If you haven’t told your manager how much you enjoy working there — and how much you’d love to stay on as a full-time employee and continue contributing to the team — maybe it’s a sign you don’t really want to stay. Your manager will pick up on this, and probably won’t offer a job to someone who doesn’t seem interested.

If you do bring it up, but your manager doesn’t seem enthusiastic or optimistic about it, this isn’t a great sign.

You responsibilities haven’t changed

When a company plans on offering an intern a job, they often start transitioning them during the internship. The more responsibility they give you shows that they are happy with your work and ready for you to grow in your role.

If your workload never seems to increase, you may want to start looking for full-time employment elsewhere.

Your boss isn’t introducing you to others

It’s not a great sign if your boss and colleagues aren’t introducing you to clients and executives within the organization, as that shows they might not yet see you as a long-term member of the team.

You’re not being taught new things

If your boss was thinking about hiring you on full-time, they would be starting to teach you more and more about how things are done in the company. If they don’t care to invest their time in training you, it means they probably know deep down you don’t be staying.

You haven’t been performing well

Maybe your manager has told you so. Or perhaps you just know your work doesn’t meet their expectations.
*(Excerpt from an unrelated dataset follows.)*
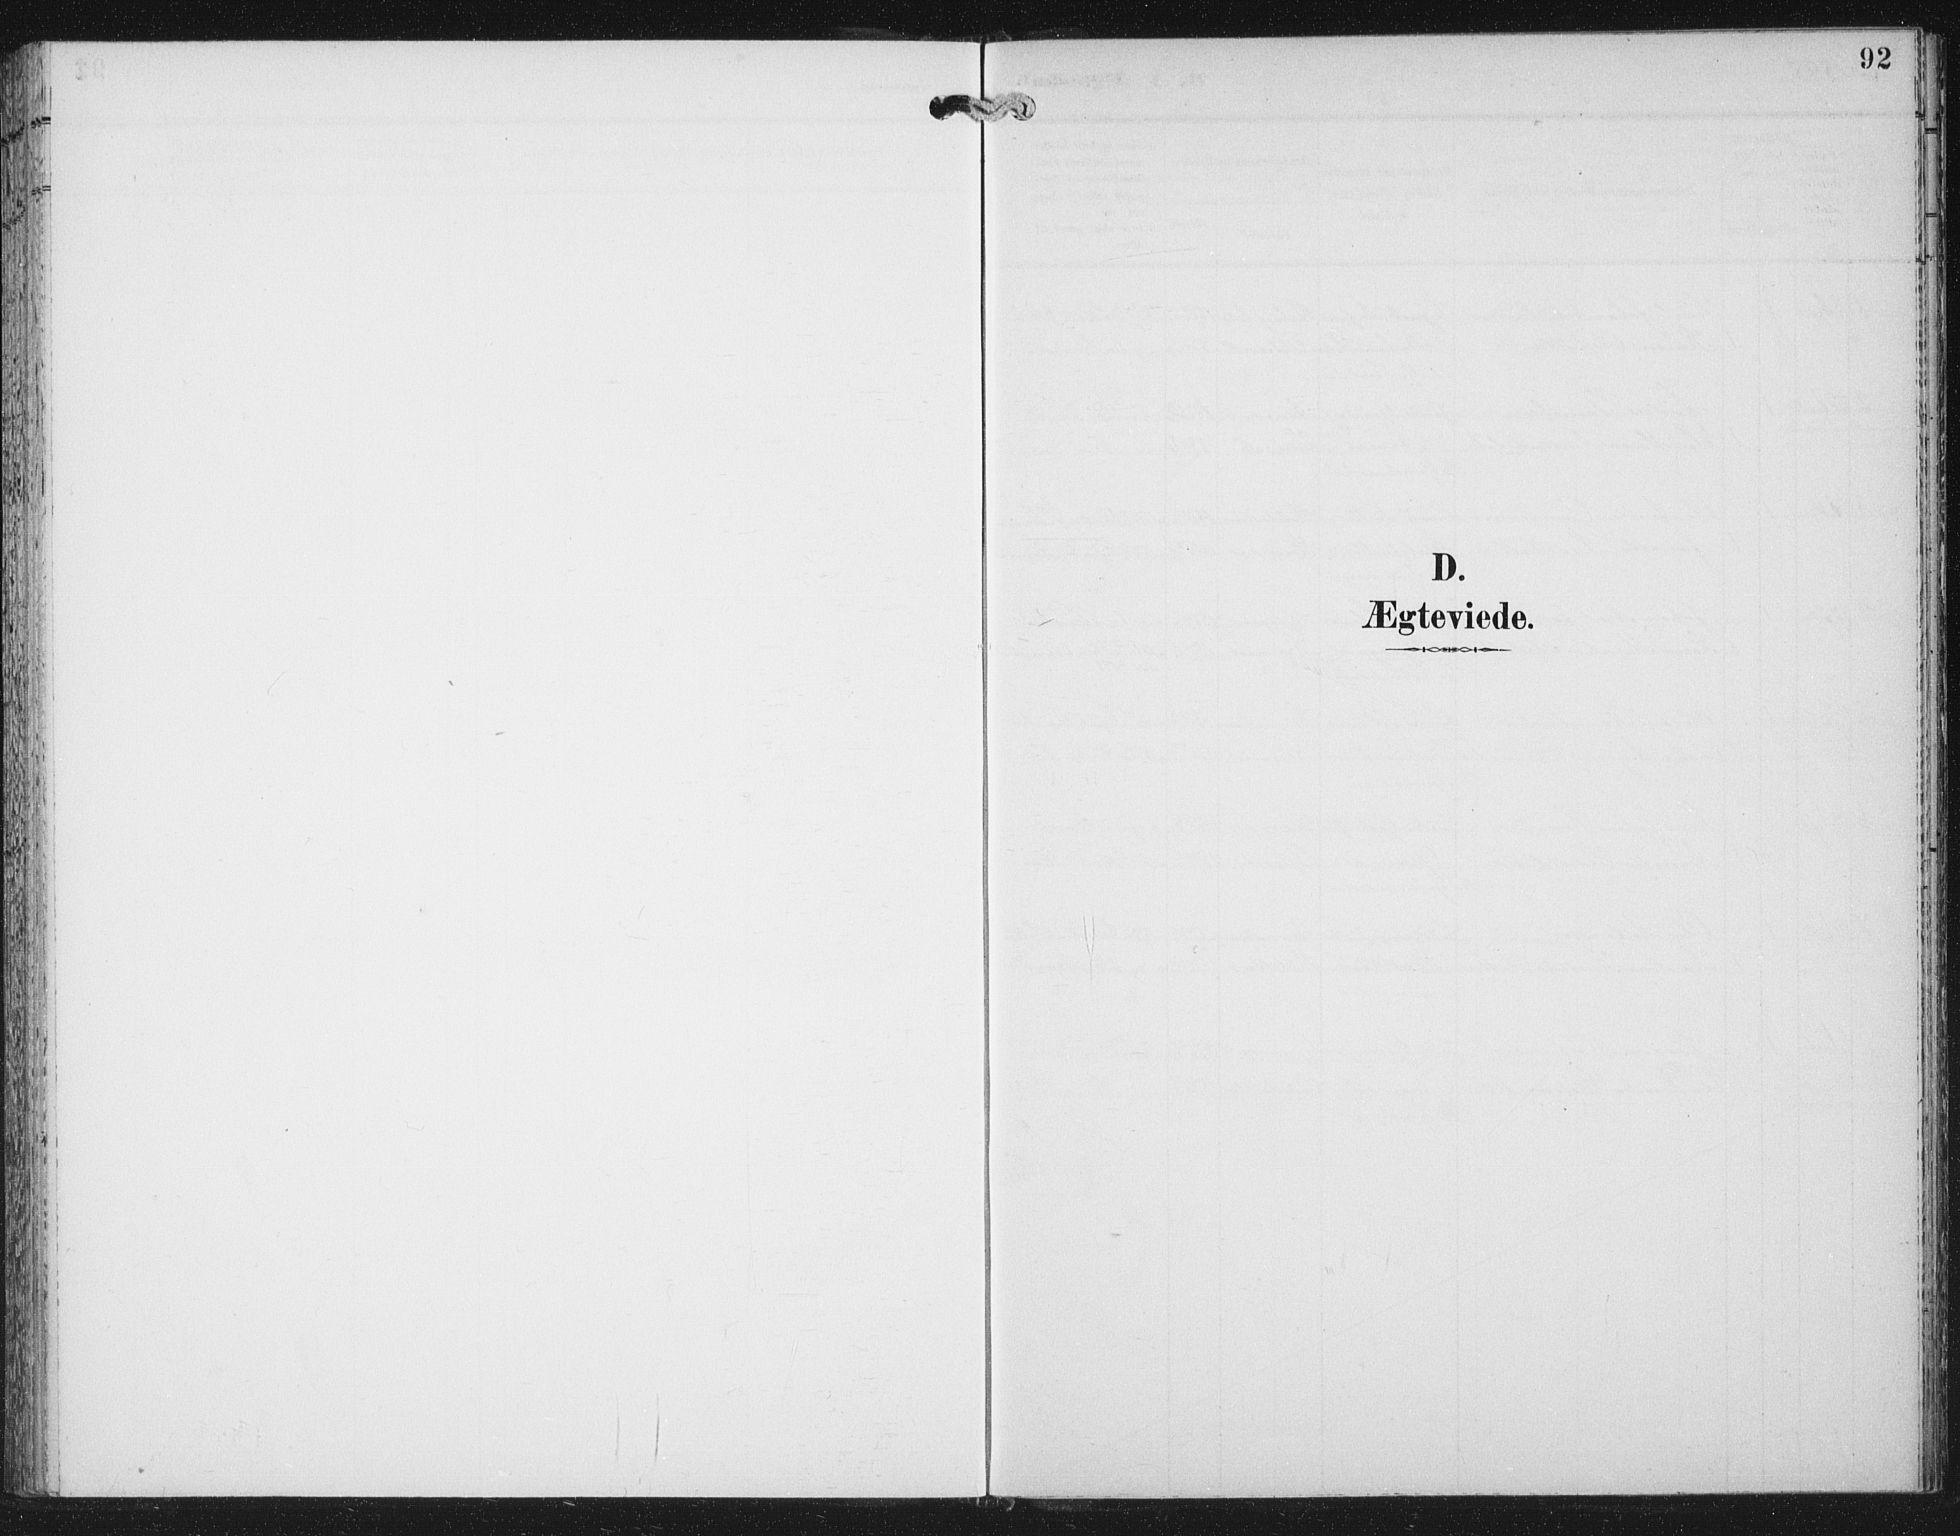 SAT, Ministerialprotokoller, klokkerbøker og fødselsregistre - Nord-Trøndelag, 702/L0024: Ministerialbok nr. 702A02, 1898-1914, s. 92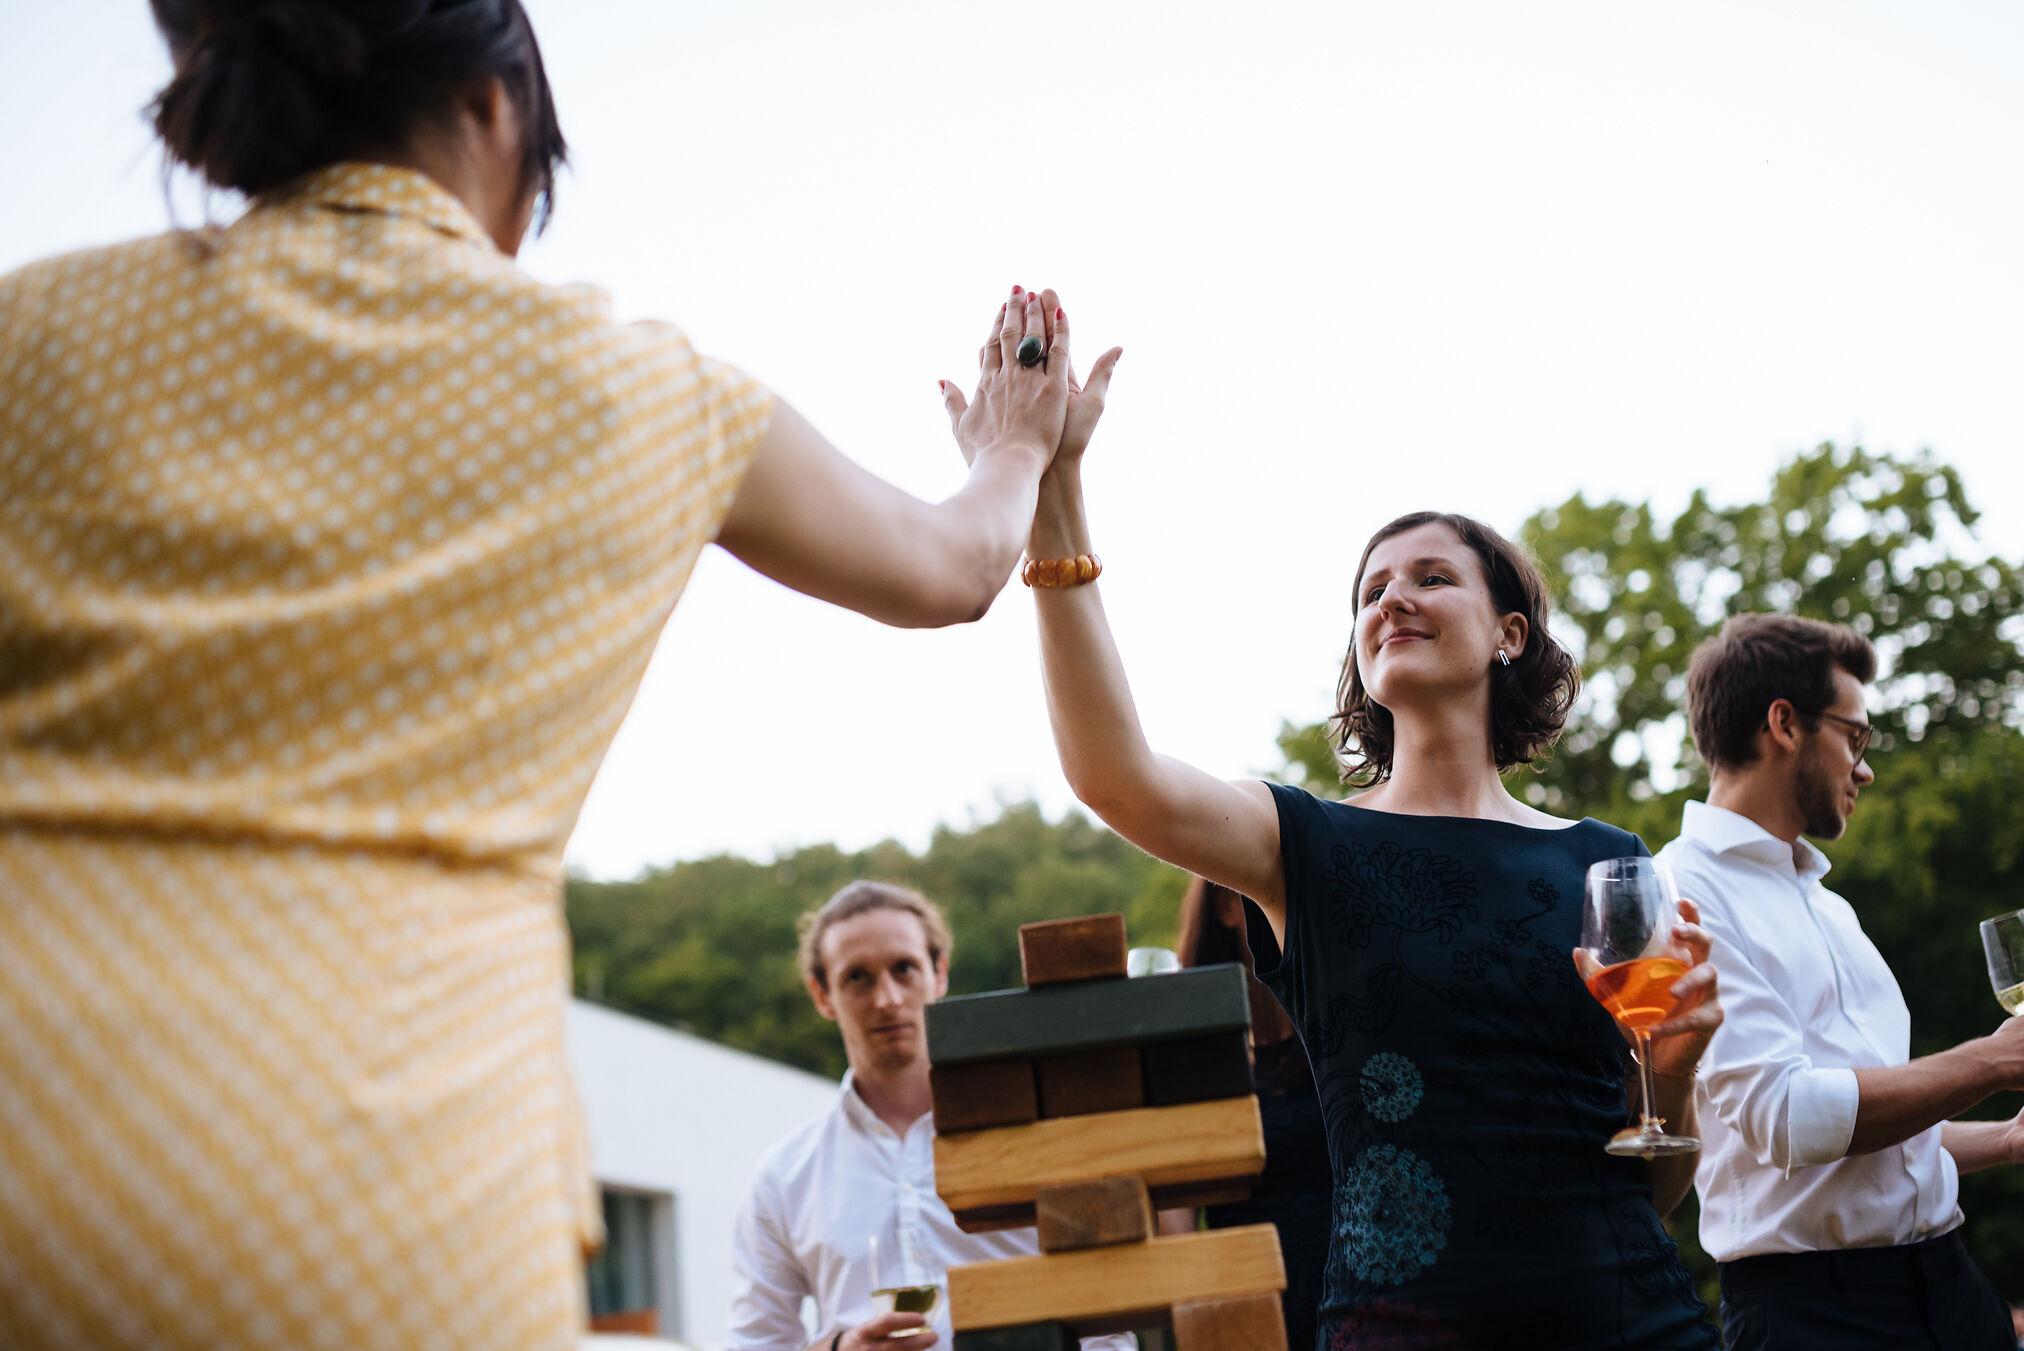 Hochzeit-Garten-Denoti-38.jpg

Either way, it’s probably not going to end well for you.

If your manager has needed to sit down with you two or more times about issues in your performance, then they may not see you as someone that can excel in a promoted role.

What to do if the signs are all there

If you feel pretty strongly that a job offer isn’t coming your way, step up your game and talk to your boss.

Express how much you enjoy working there, remind them of your accomplishments and the value you add, and tell them you’d like to work there full-time.

Ask if there’s anything you can do now to increase your chances of securing an offer.

If they say no, thank them for everything they’ve taught you and for the opportunities they provided.

Whatever you do, don’t be bitter and burn bridges. Exchange contact information with your manager and colleagues, and stay in touch. You never know when you’ll cross paths again in the future.